__PROBLEM TO SOLVE__. Write out the entire listing below exactly as it appears, minus any pictures.

--- START ---

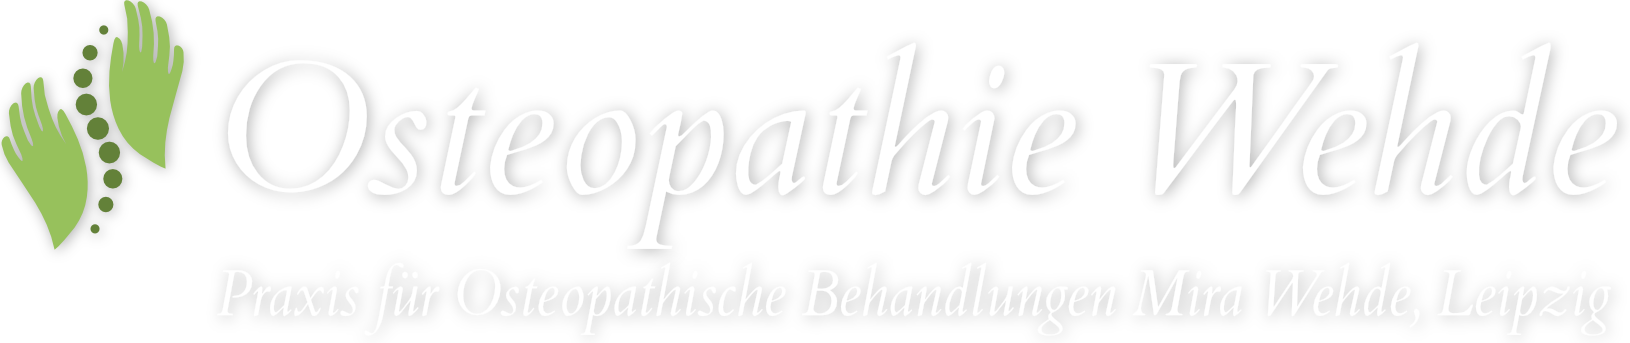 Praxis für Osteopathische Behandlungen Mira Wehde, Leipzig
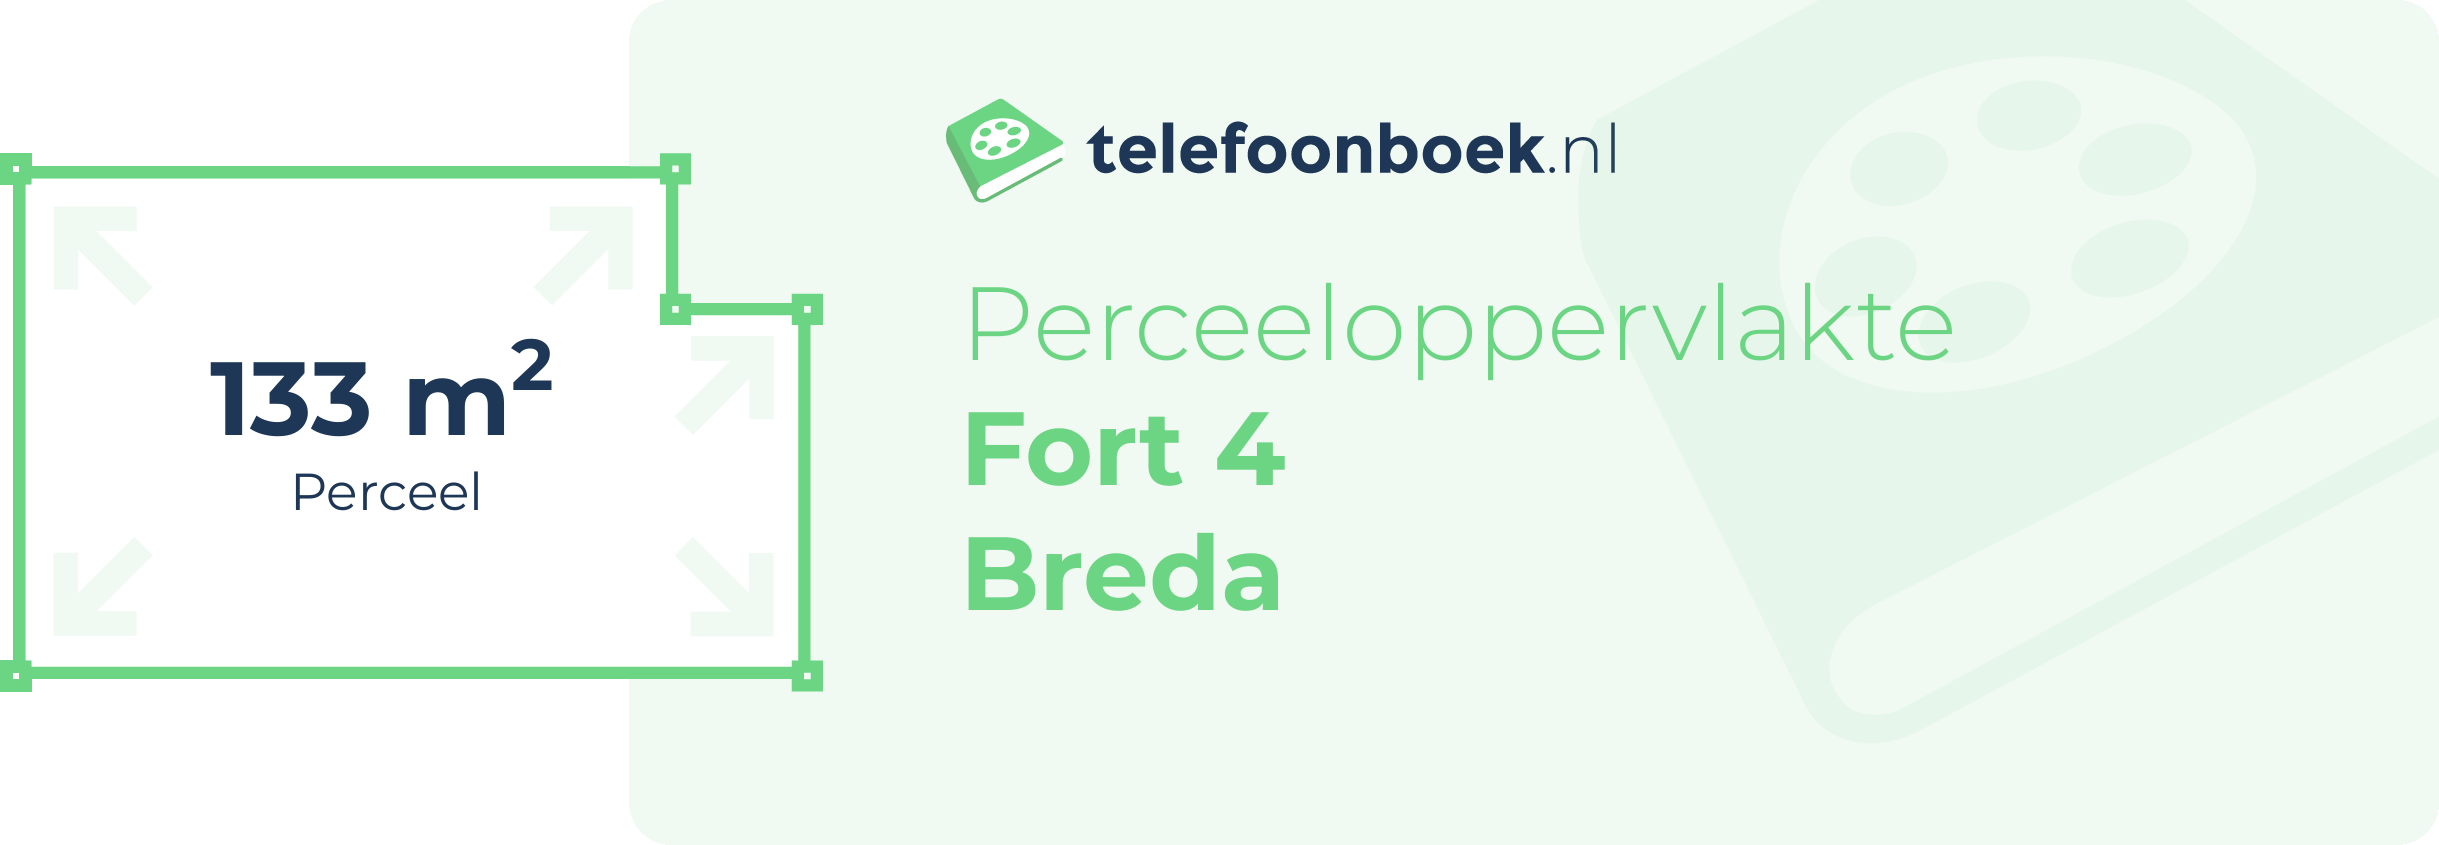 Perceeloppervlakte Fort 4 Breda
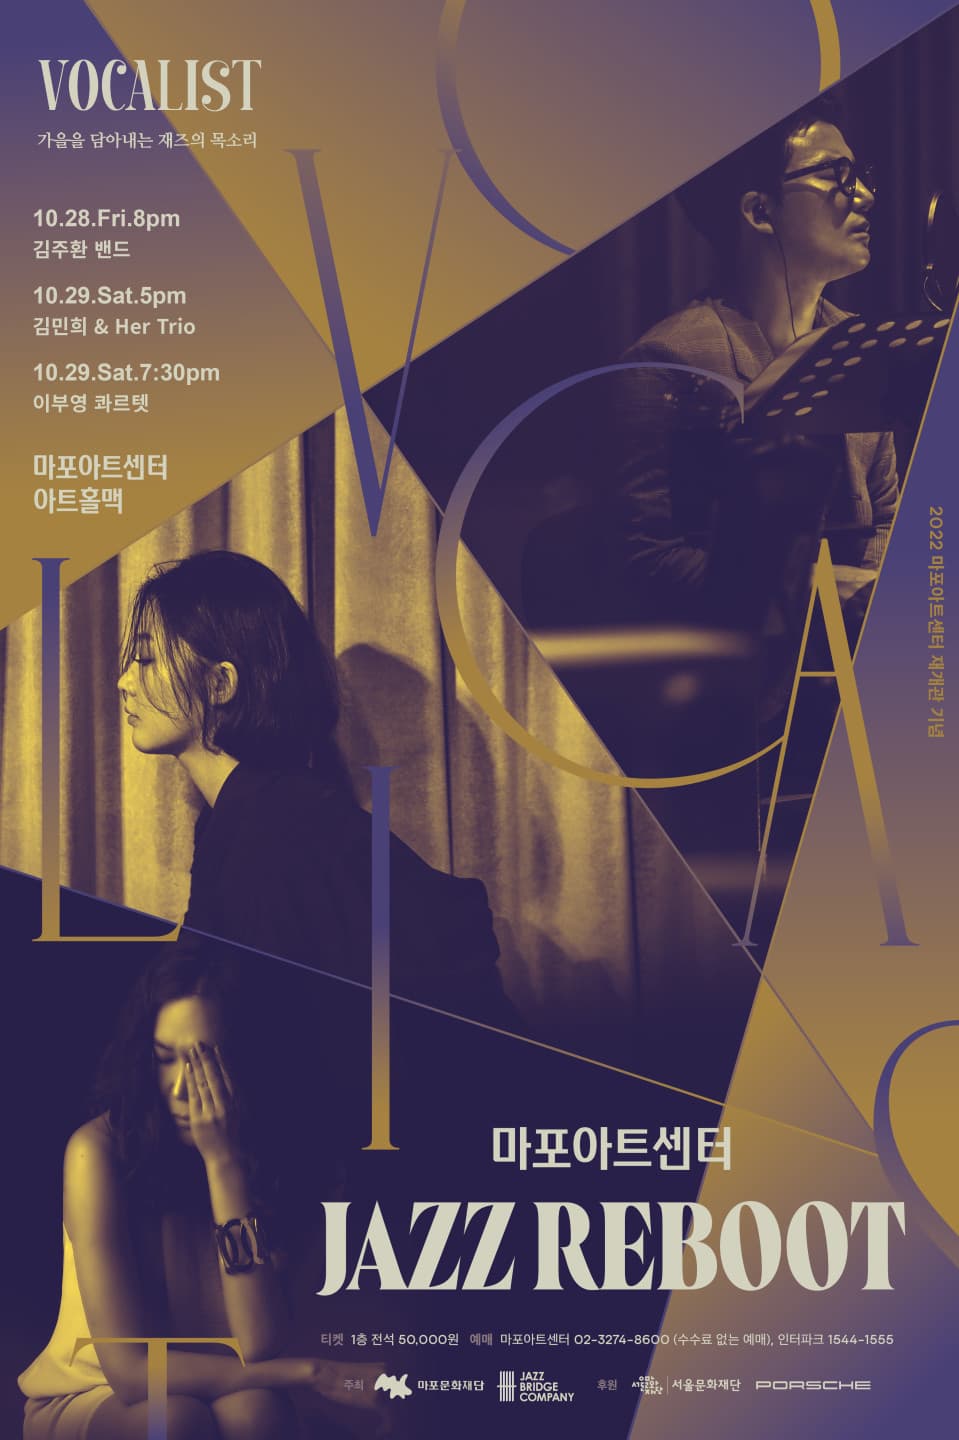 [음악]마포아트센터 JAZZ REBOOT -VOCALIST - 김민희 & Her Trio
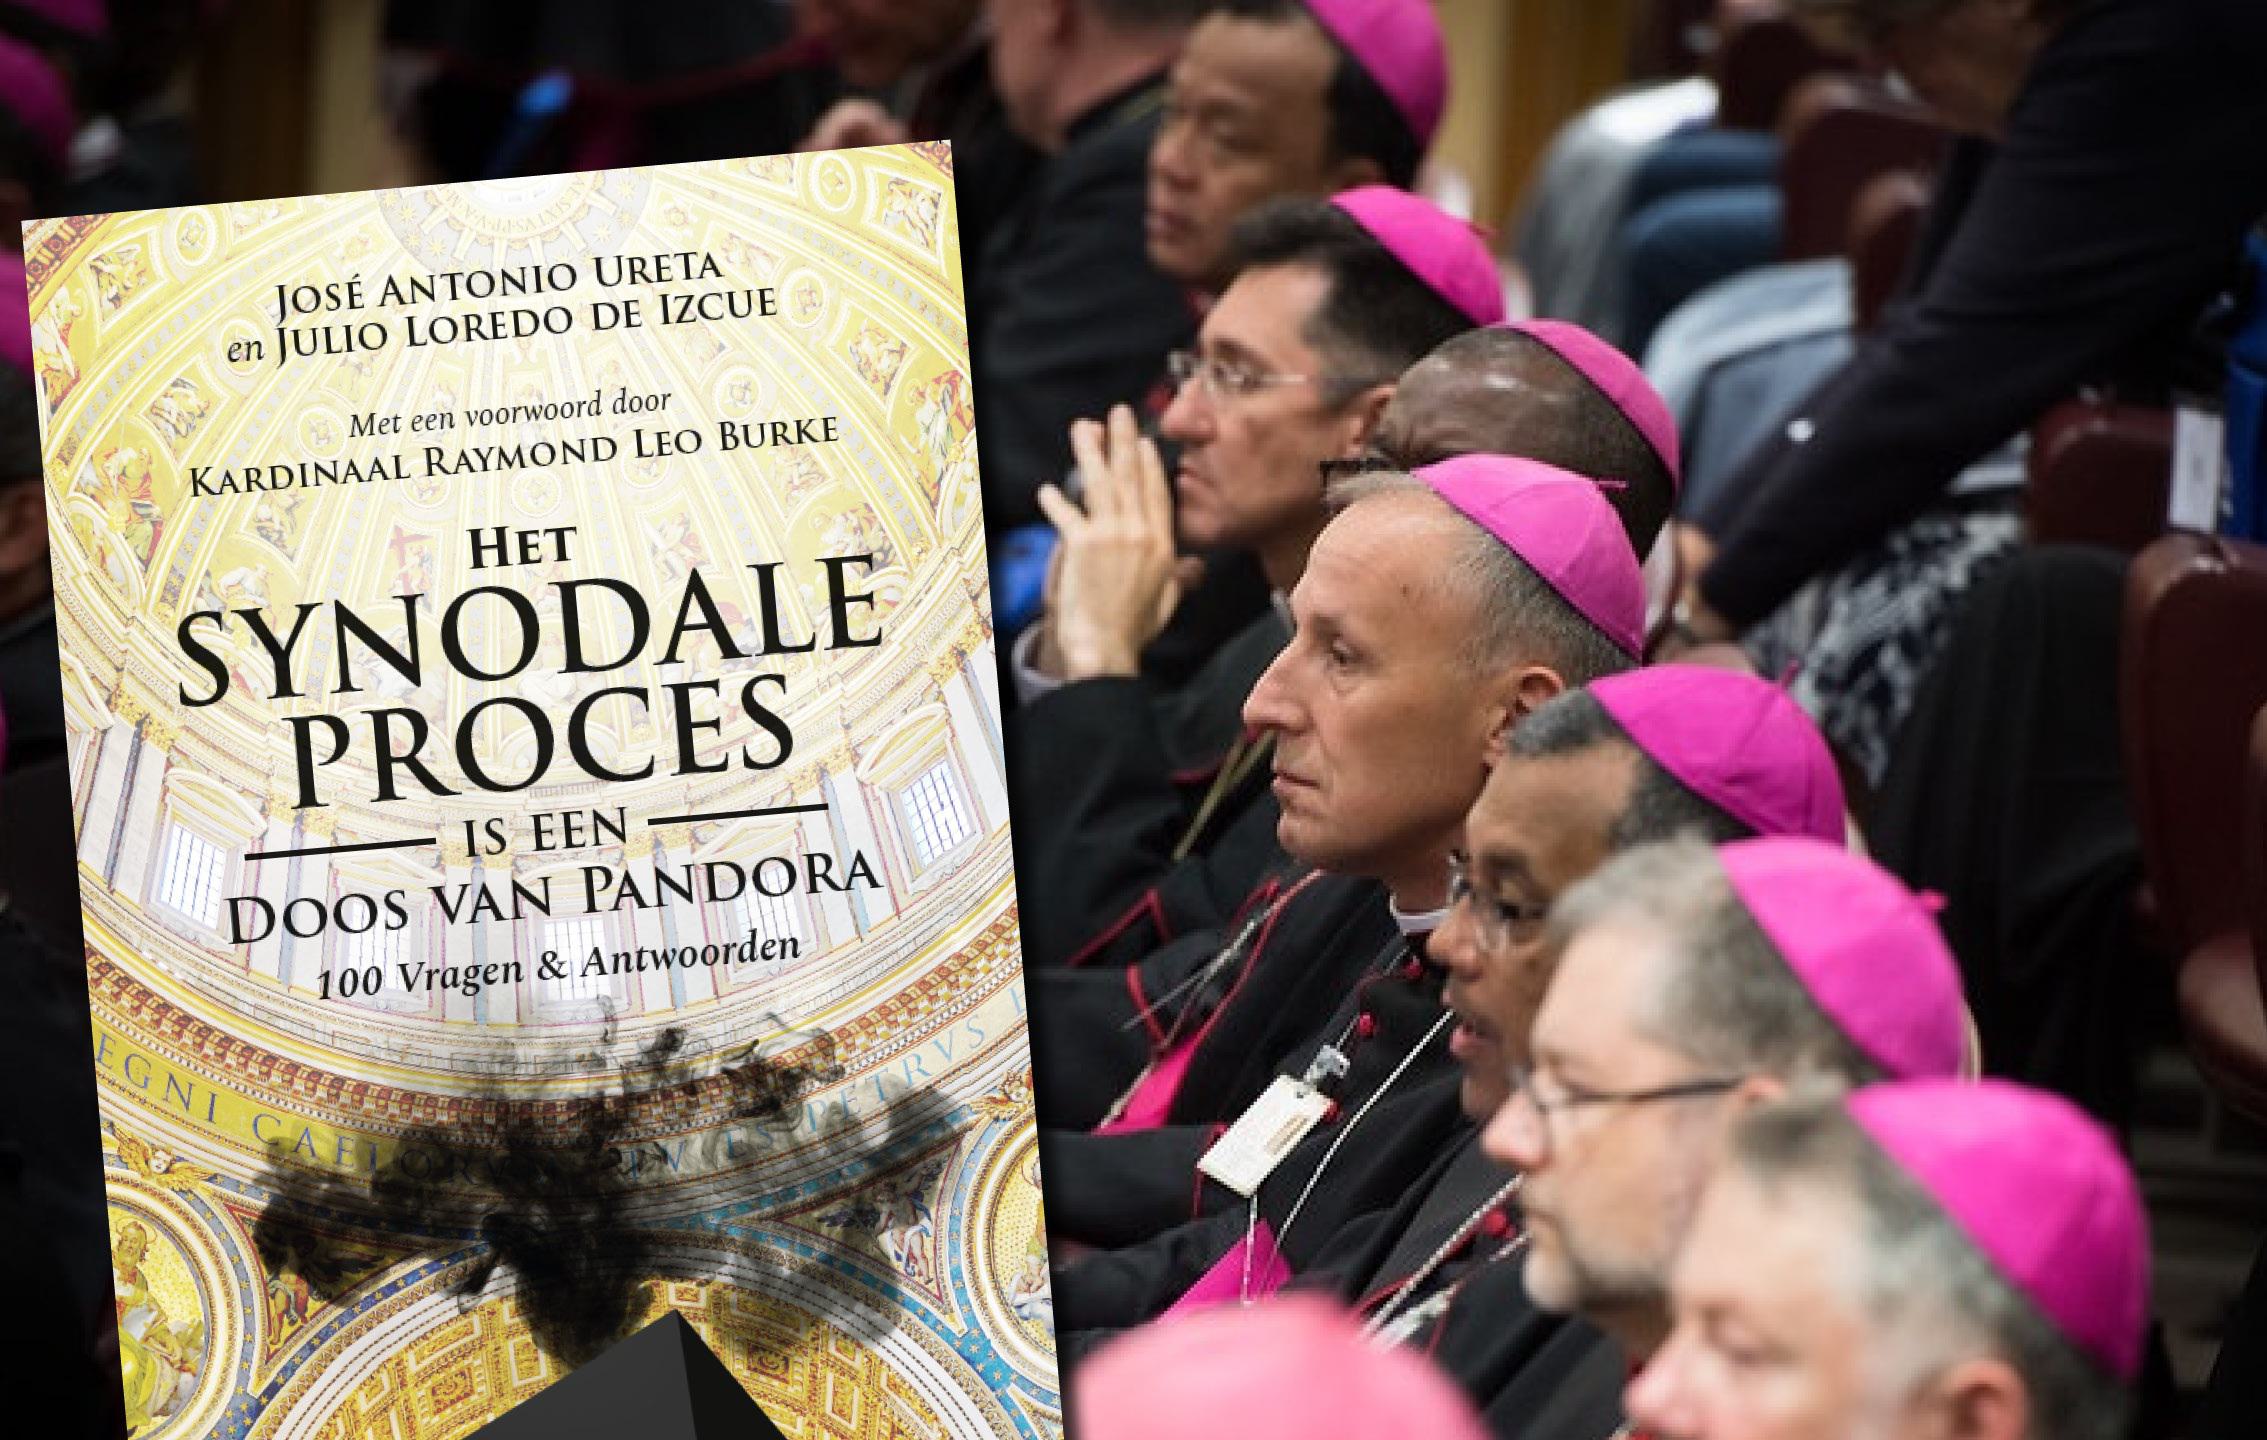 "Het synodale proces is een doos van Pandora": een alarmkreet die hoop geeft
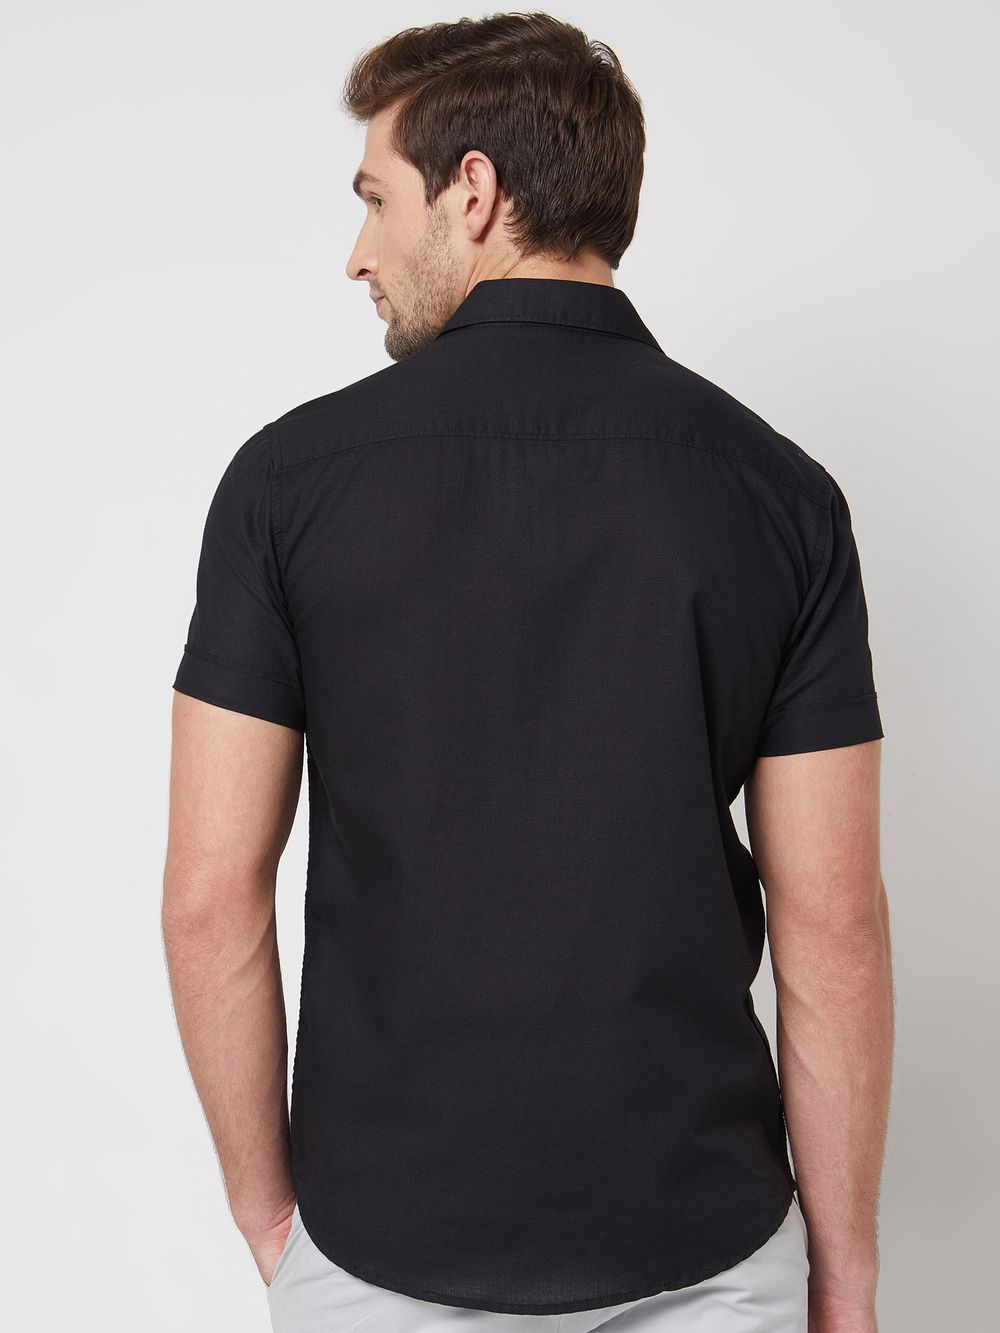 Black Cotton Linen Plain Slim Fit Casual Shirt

--- END ---

__RESPONSE TO THIS TASK__.
 Praxis für Osteopathische Behandlungen Mira Wehde, Leipzig
 Perceeloppervlakte Fort 4 Breda
 [음악]마포아트센터 JAZZ REBOOT -VOCALIST - 김민희 & Her Trio
 "Het synodale proces is een doos van Pandora": een alarmkreet die hoop geeft
 Black Cotton Linen Plain Slim Fit Casual Shirt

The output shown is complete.